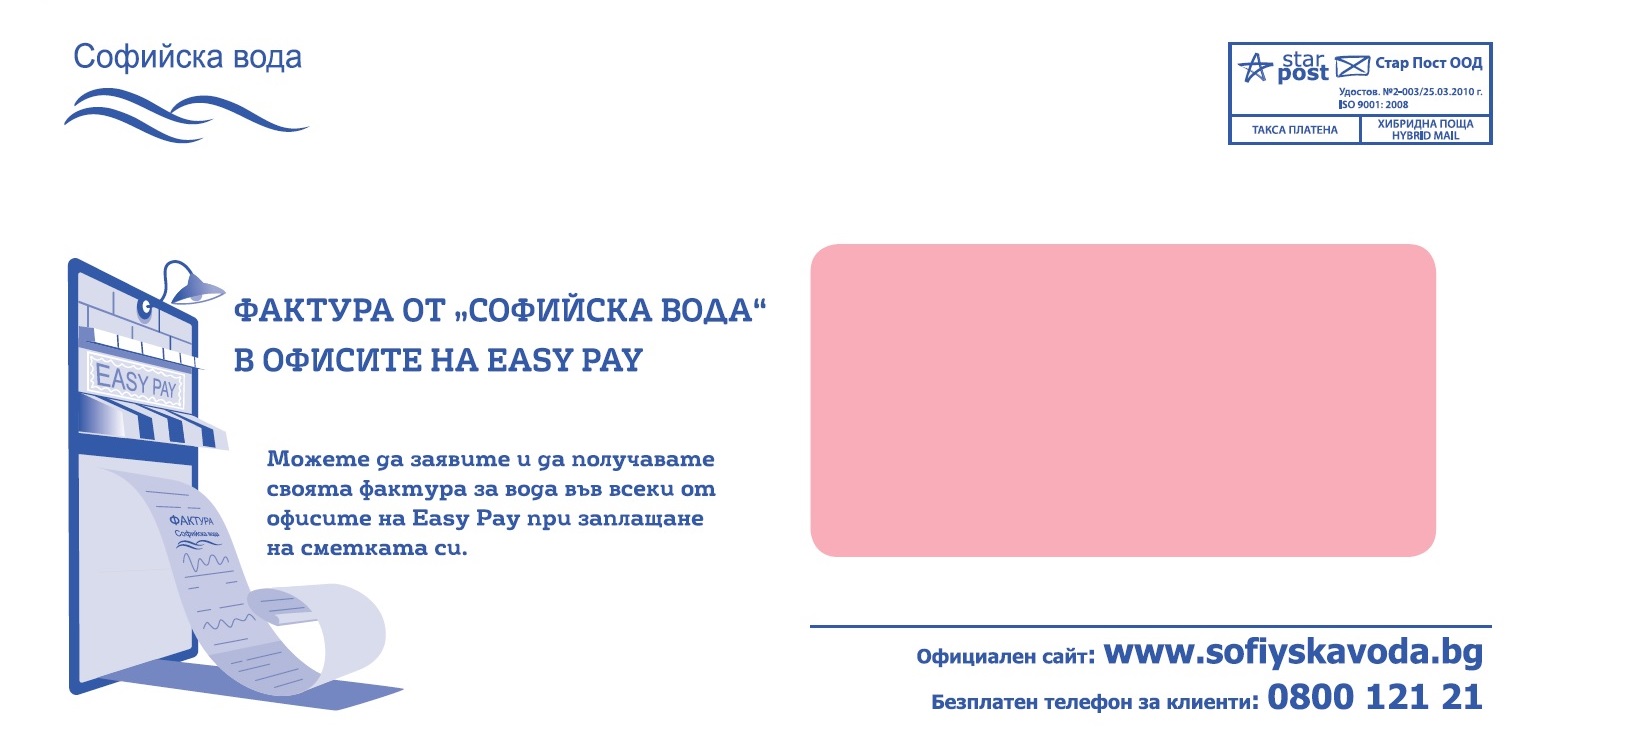 Sofiyska Voda AD reminds about the possibility to obtain invoices at the EasyPay cash desks
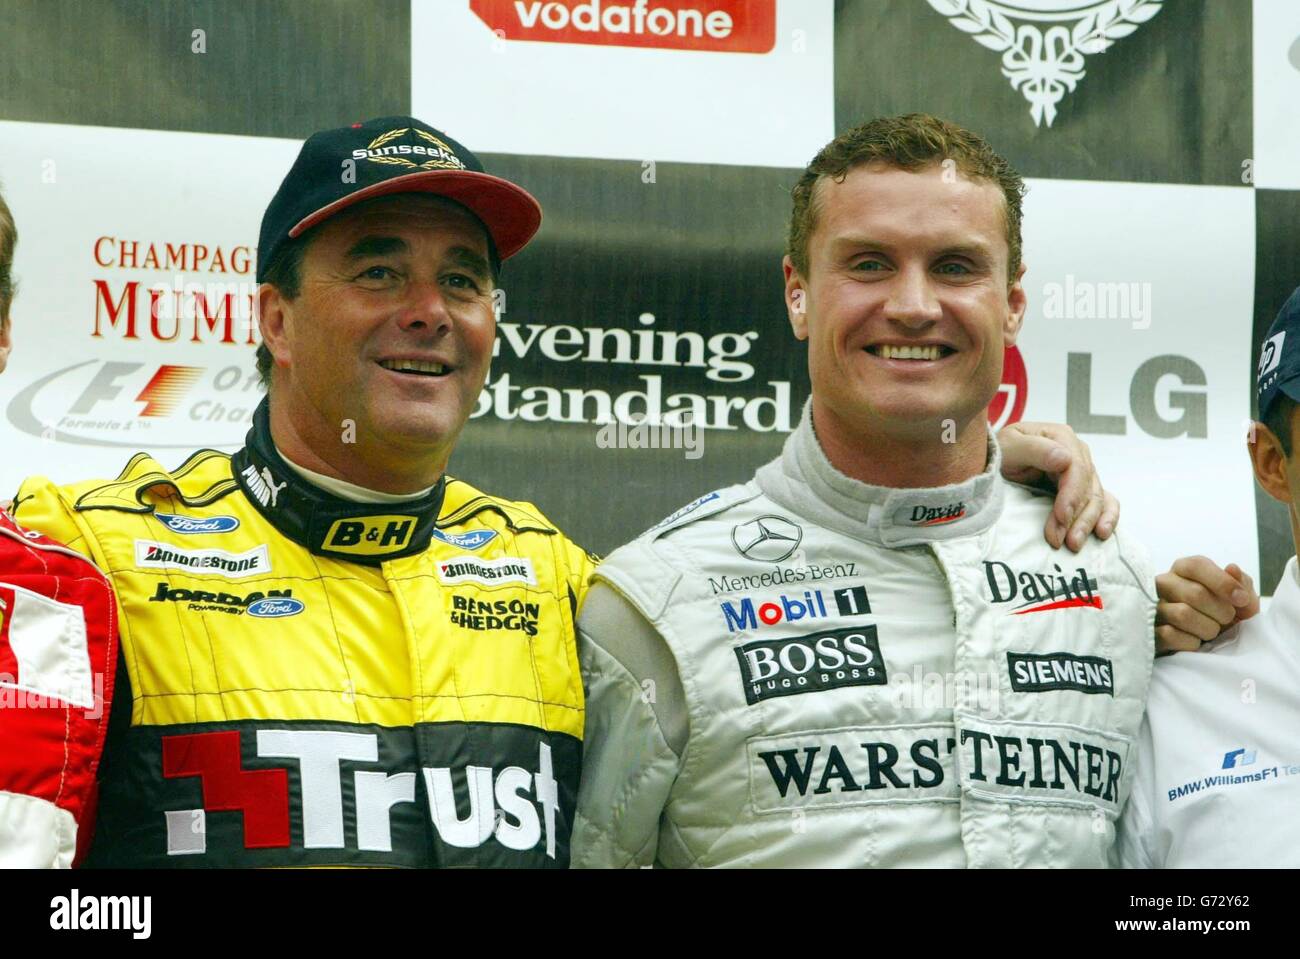 Former F1 World Champion Nigel Mansell and current F1 driver David Coulthard  stand on the podium in London's Regent Street, before a race around a  section of the West End. Competitors from
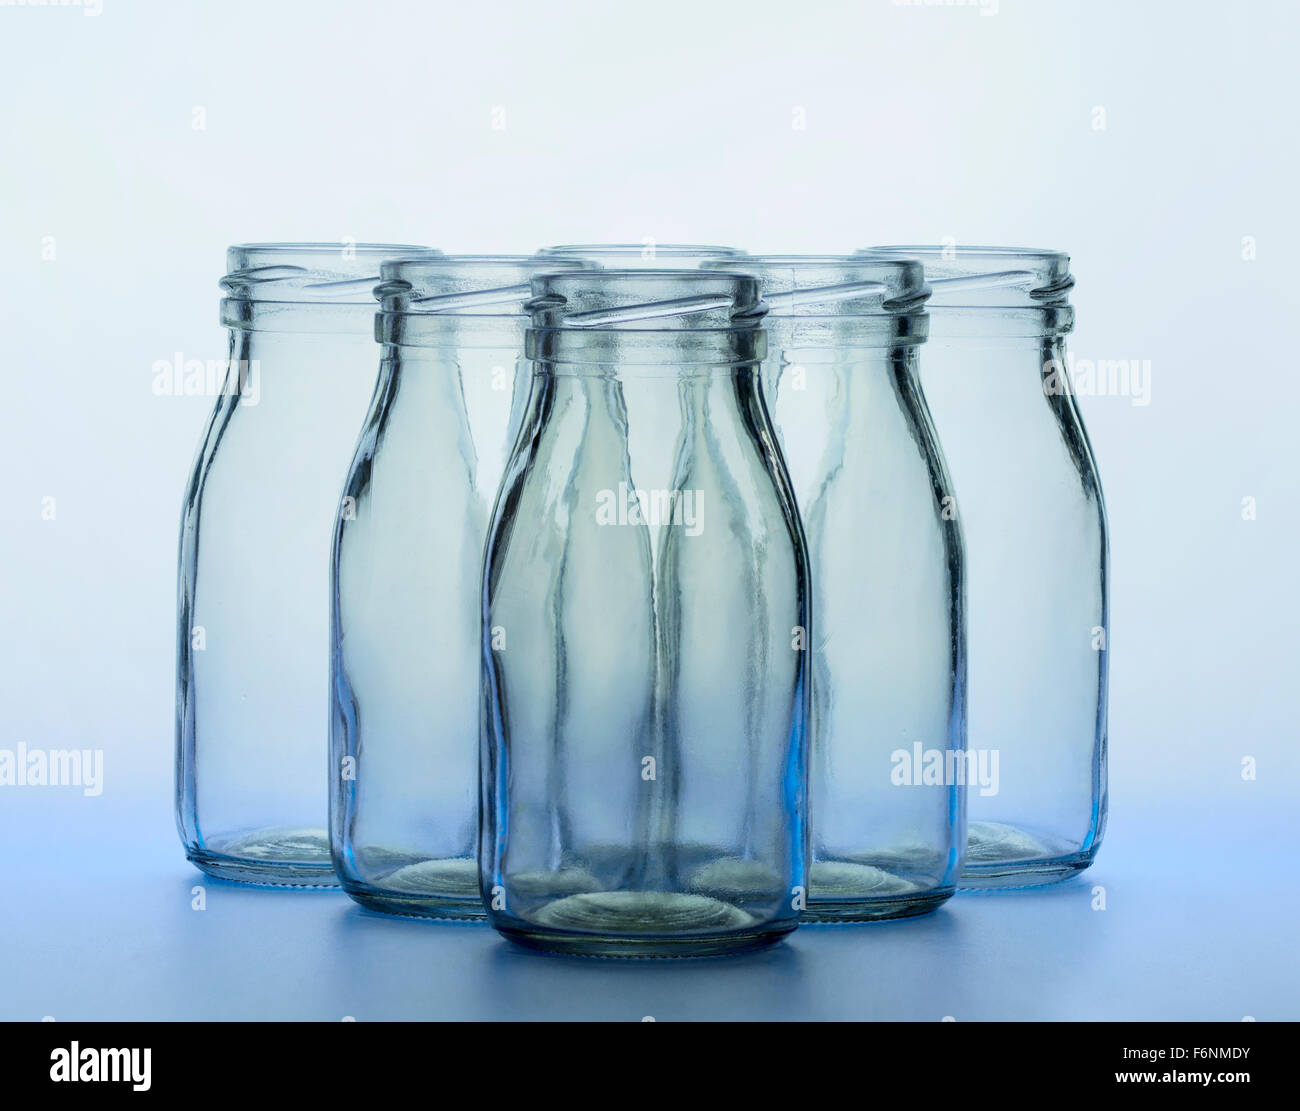 https://c8.alamy.com/comp/F6NMDY/blue-milk-bottles-6-standing-in-formation-recession-of-focus-triangular-F6NMDY.jpg

● ● ● ● ●

What you need to do: Reproduce the entire listing exactly, but omit any pictures.

Exercise solution:
 Sofiyska Voda AD reminds about the possibility to obtain invoices at the EasyPay cash desks
 Former F1 World Champion Nigel Mansell and current F1 driver David Coulthard  stand on the podium in London's Regent Street, before a race around a  section of the West End. Competitors from
 https://c8.alamy.com/comp/F6NMDY/blue-milk-bottles-6-standing-in-formation-recession-of-focus-triangular-F6NMDY.jpg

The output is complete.